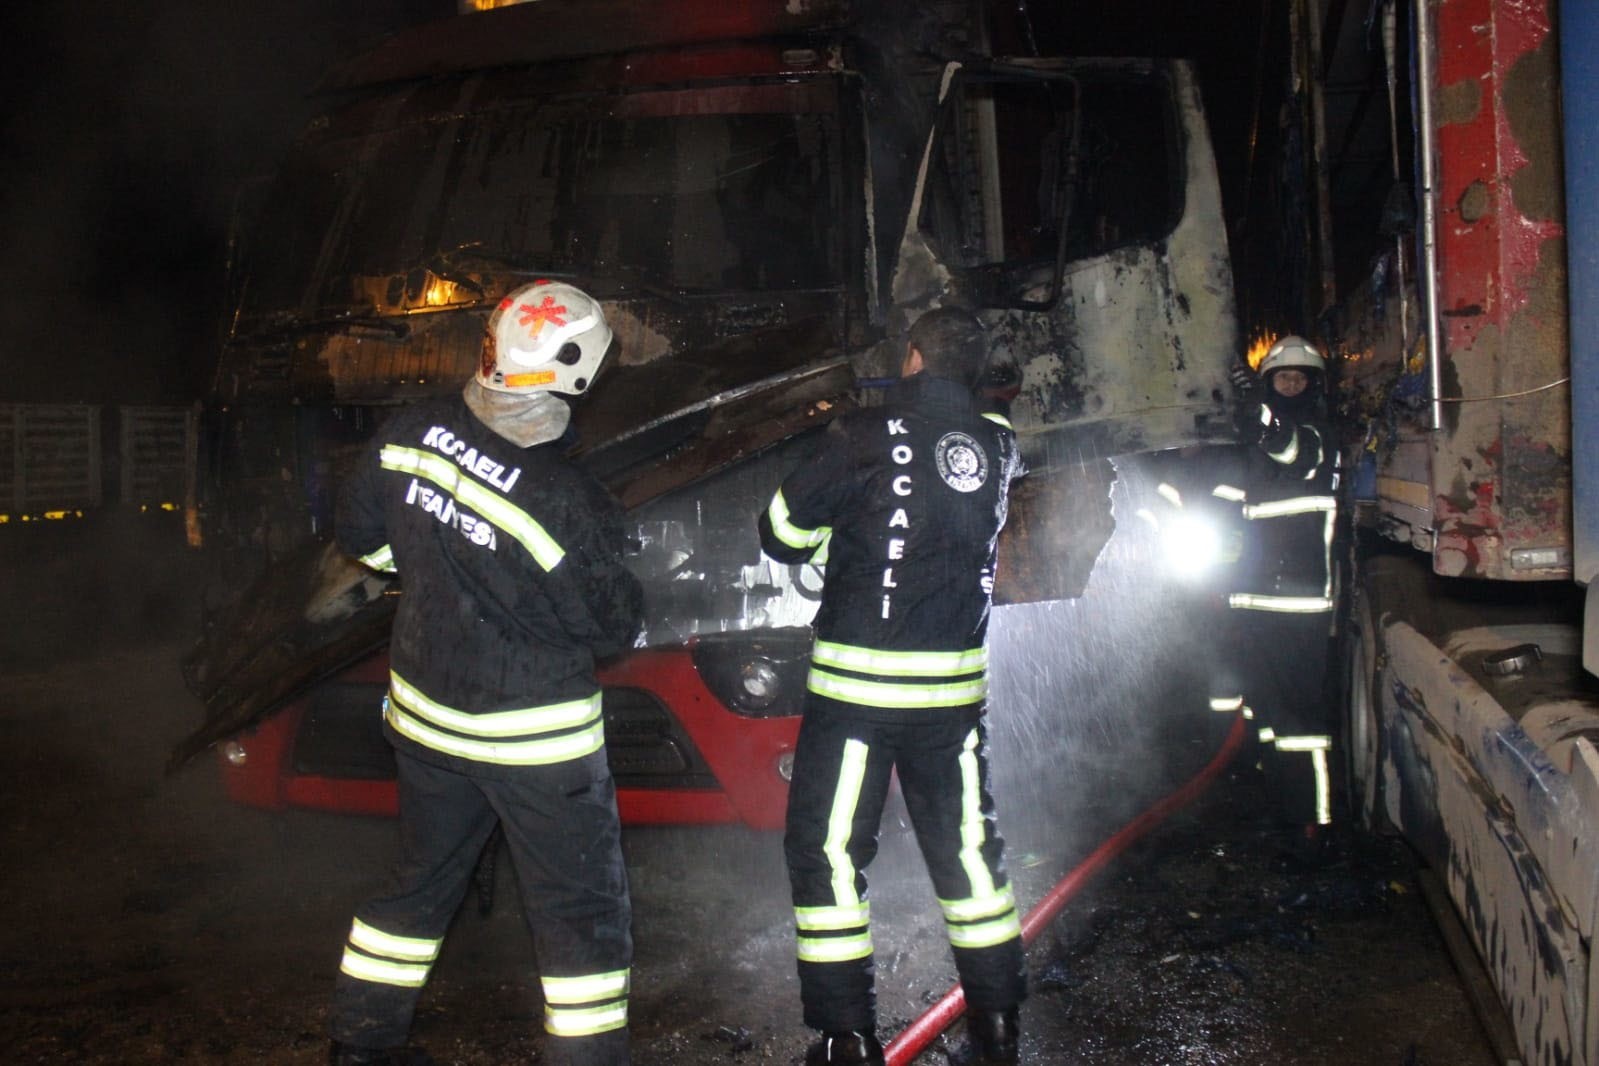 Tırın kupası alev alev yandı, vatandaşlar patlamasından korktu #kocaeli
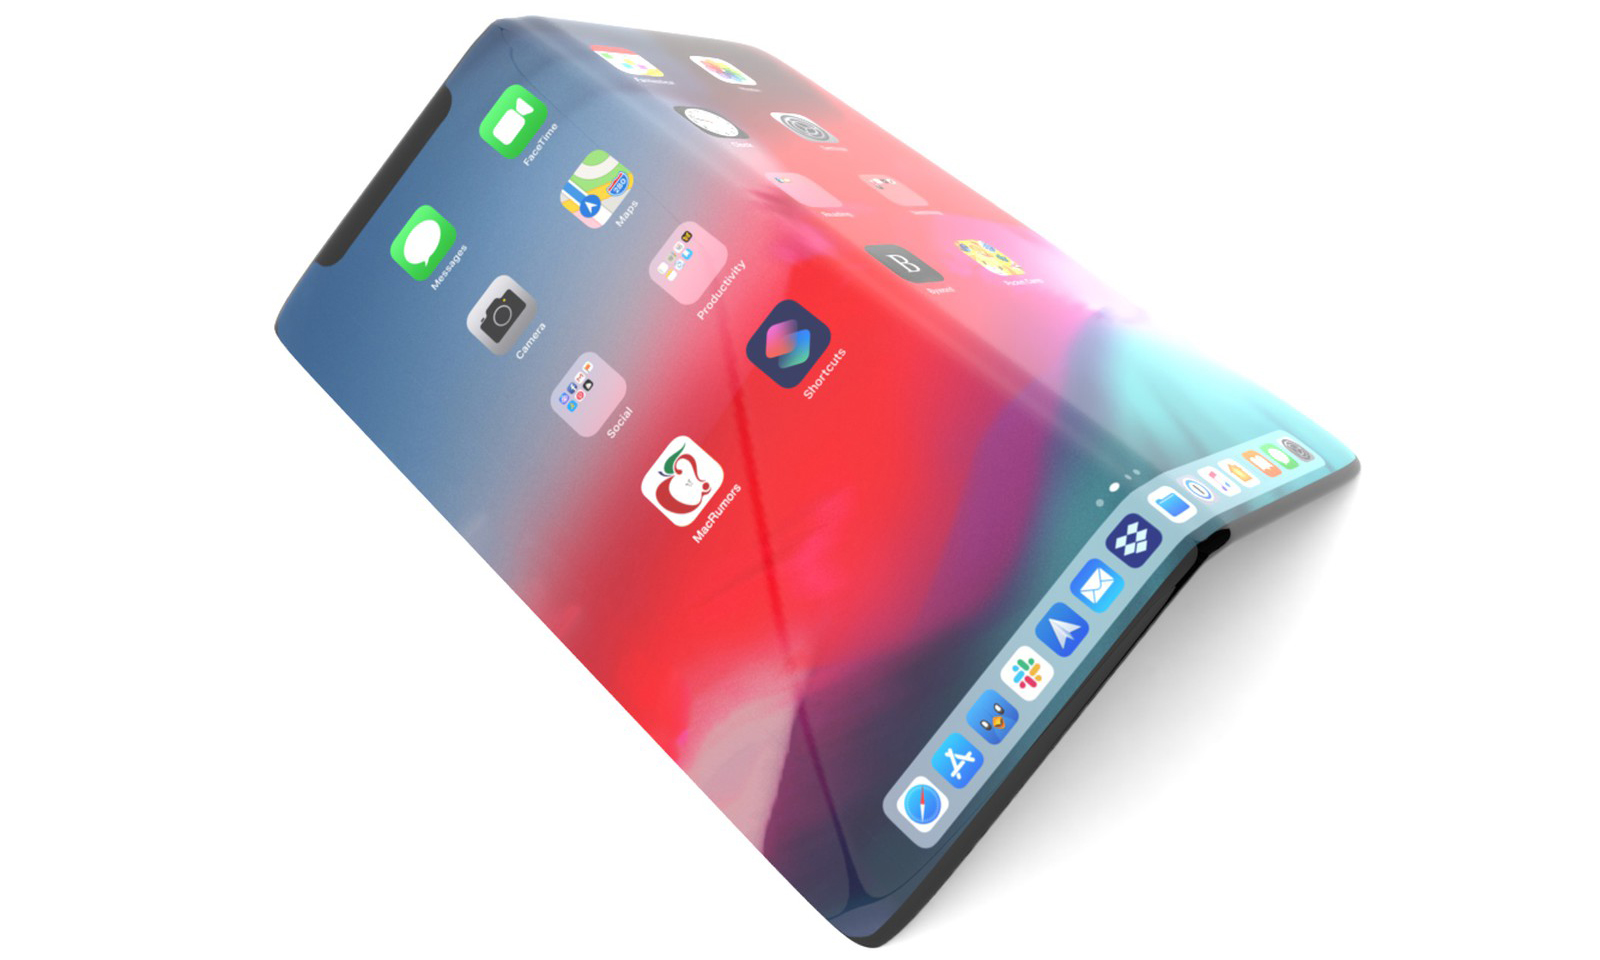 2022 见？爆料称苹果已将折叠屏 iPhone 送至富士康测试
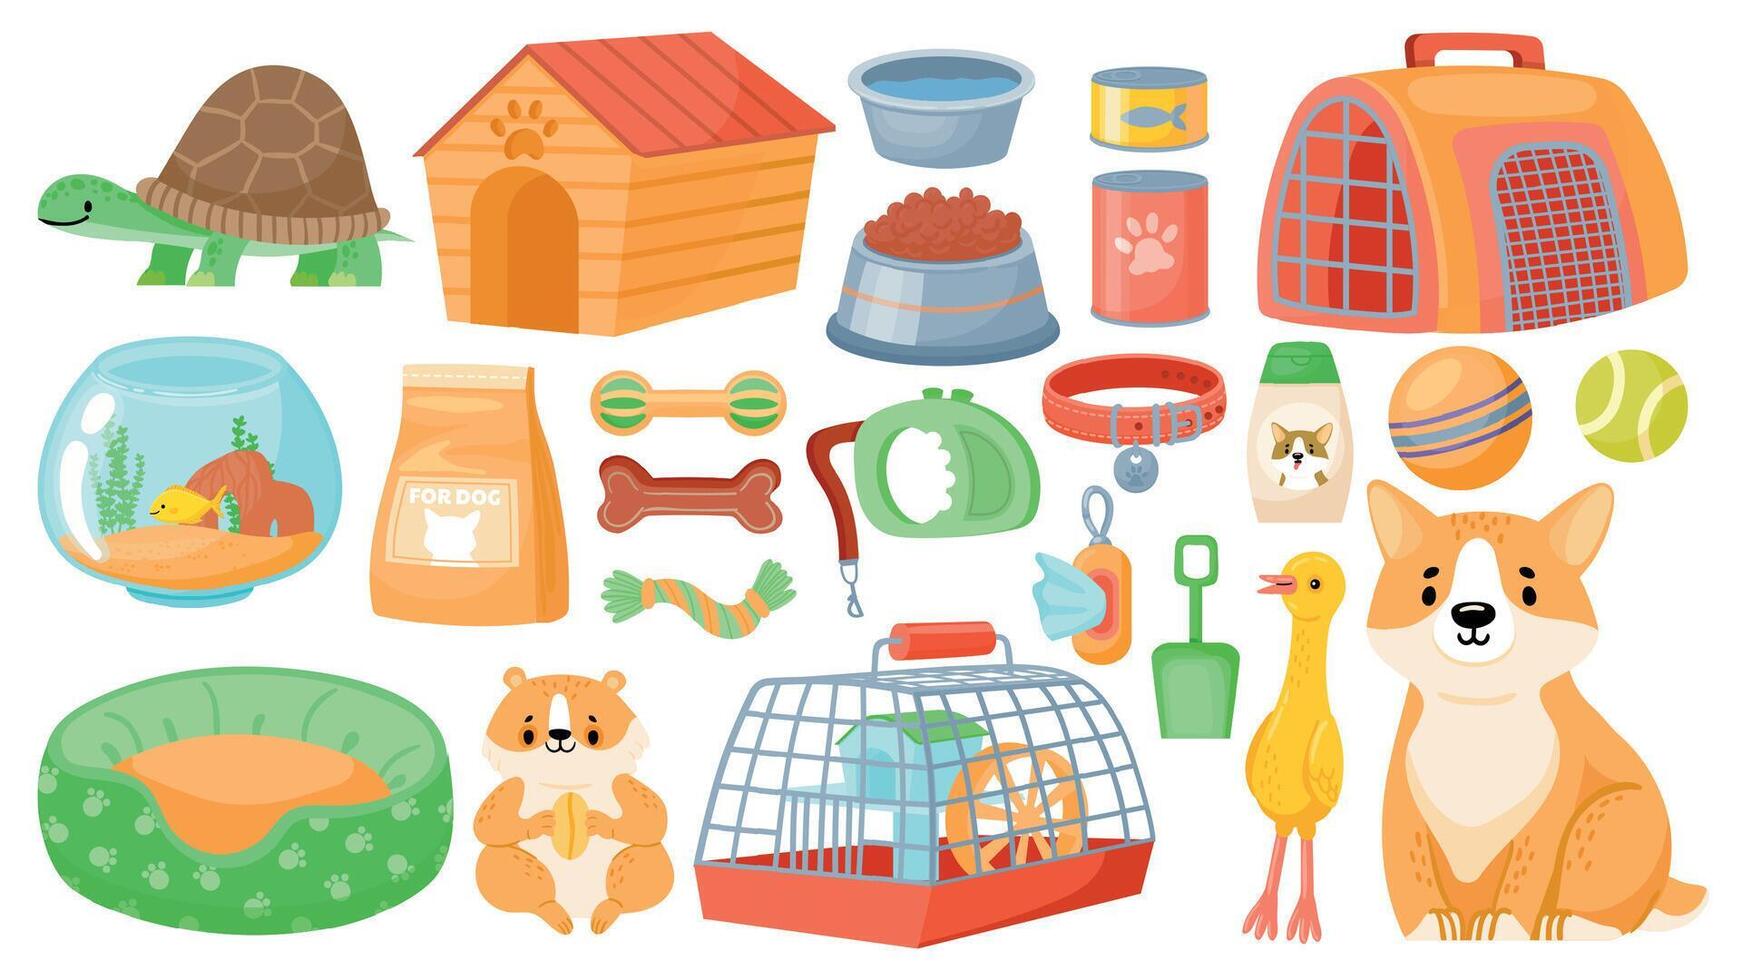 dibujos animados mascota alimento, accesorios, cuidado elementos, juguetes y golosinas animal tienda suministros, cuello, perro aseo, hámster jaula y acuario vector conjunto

---*---

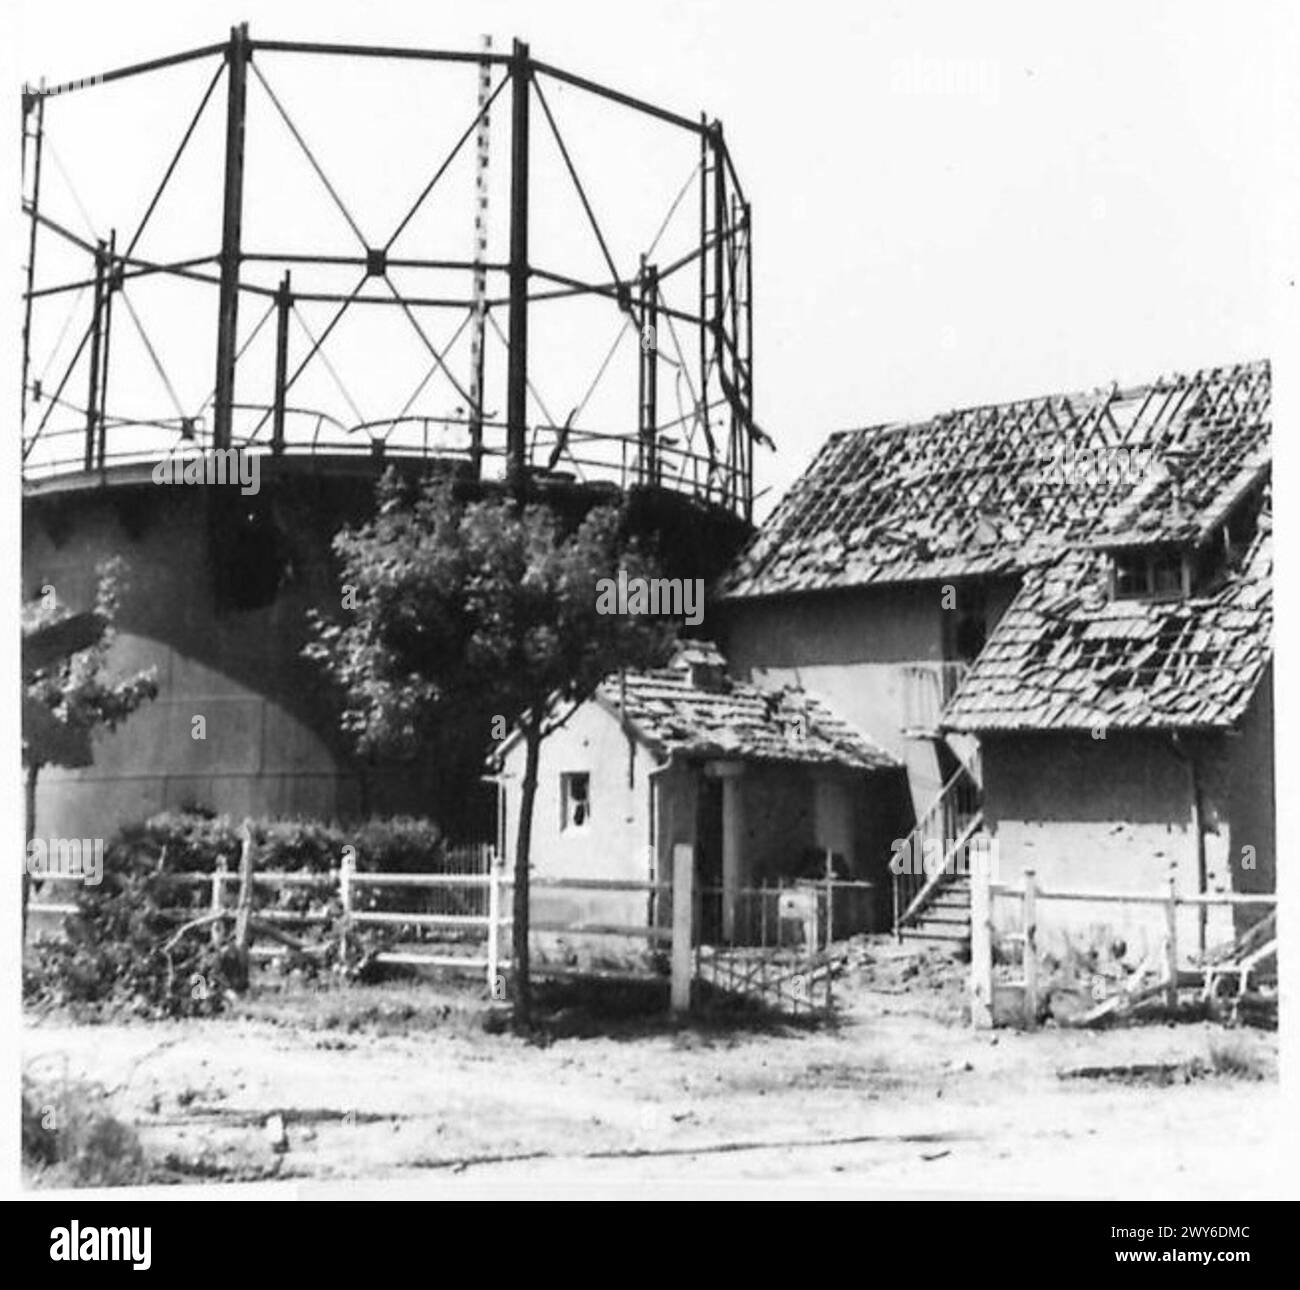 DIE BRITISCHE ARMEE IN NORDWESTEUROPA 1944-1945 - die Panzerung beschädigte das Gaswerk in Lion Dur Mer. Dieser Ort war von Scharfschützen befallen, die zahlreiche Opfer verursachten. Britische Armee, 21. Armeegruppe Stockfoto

---*---

### Task:
From the records above, transcribe exactly the lines starting at the one containing "Tırın kupası alev" and ending at the one containing "dibujos animados mascota". Skip the pictures.

### Finished task:
 Tırın kupası alev alev yandı, vatandaşlar patlamasından korktu #kocaeli
 2022 见？爆料称苹果已将折叠屏 iPhone 送至富士康测试
 dibujos animados mascota alimento, accesorios, cuidado elementos, juguetes y golosinas animal tienda suministros, cuello, perro aseo, hámster jaula y acuario vector conjunto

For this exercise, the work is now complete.